Tuesday 3 December 2013

Sorts and Efficiency (SLOG topic for Nov. 28th)

During the week of Nov.4th, we had already come to the conclusion that the python built-in sort is the most efficient. Then it is quick sort and merge sort (with O(nlog n)), while selection sort being the least efficient (with O(n2)). Also during lab09, we were asked to run each different sort and record the time each sort took to sort a list with 1000, 2000, 3000, 4000, 5000, and 6000 items. We also repeated the same steps for sorted list as well as reverse sorted list. The results did match the race we did in class during the week of Nov. 4th.

During the second half of the Wednesday class, we revisited the quick sort algorithm. Professor Heap pointed out that if we run quick sort on an already sorted list (reversed or not), it would take a longer time (the worst case scenario).
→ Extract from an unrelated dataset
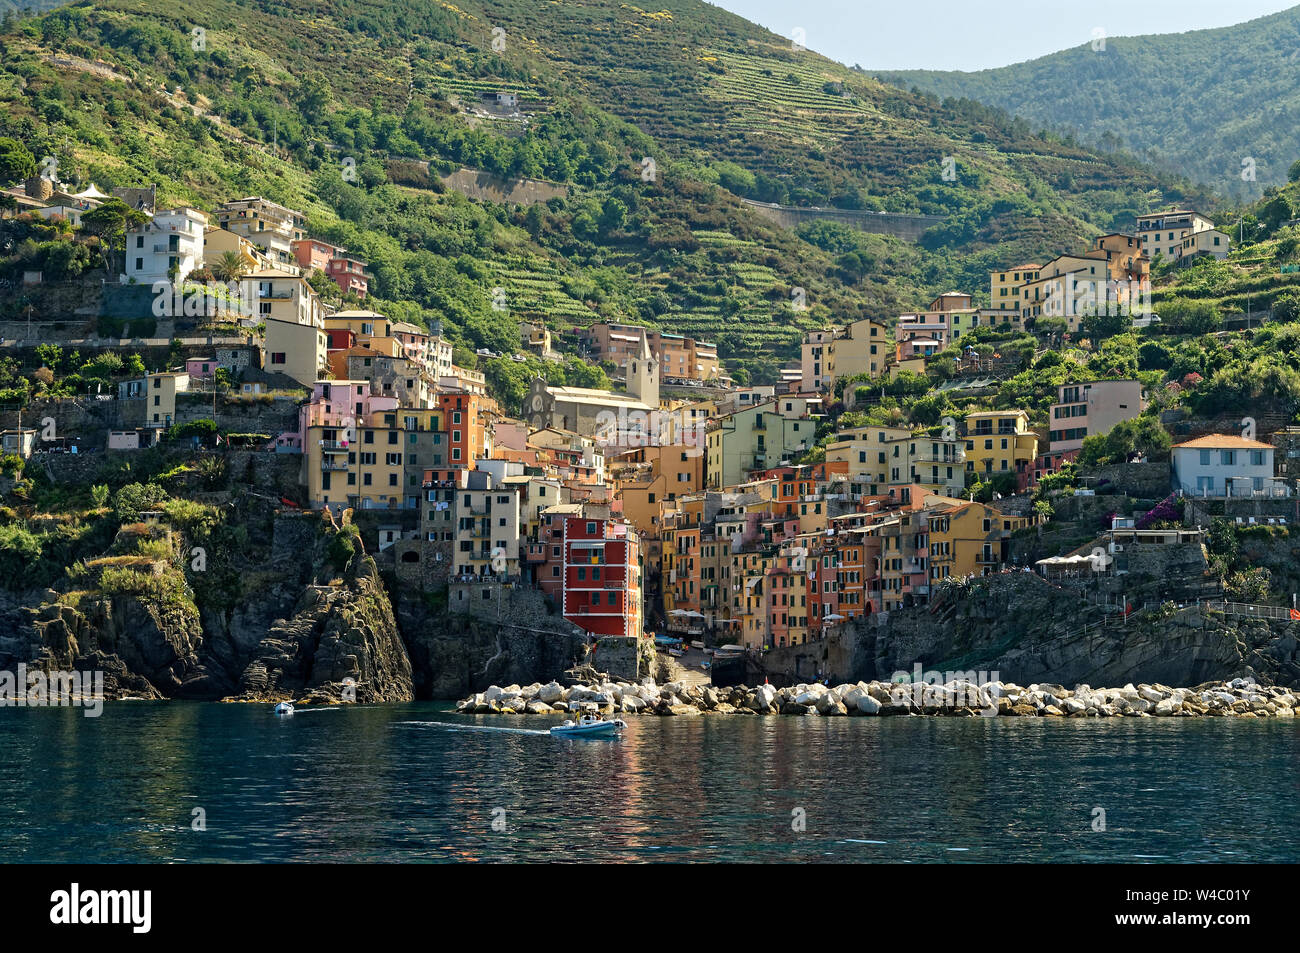 Riomaggiore Dorf in Cinque Terre, Italienische Riviera. Blick vom Meer. Stockfoto

In this case, instead of O(nlog n), quick sort would be O(n2). Normally, quick sort works by picking the first item as a pivot, arrange all the items with value lower than the pivot in one list, and all the value higher than the pivot in another list. Then it would call quick sort on the two separate lists. The main problem is that the algorithm always takes the first item as the pivot. If the list is already sorted, then one of the lists would be empty. Thus the divide-and-conquer method would not apply. In addition, python has a limit on the number of function calls. If the input is a sorted list with 10000 items, then quick sort would call upon itself 10000 times, which would probably exceed the call limit. In order to solve this problem, we modify the code such that it takes an arbitrary item as the pivot (by using the random module). When the size of the input is large, the probability of the pivot being the smallest or the largest is very small, thus it can solve the problem of sorting sorted list.

Name, Trace, and Efficiency (Week of Nov. 25th)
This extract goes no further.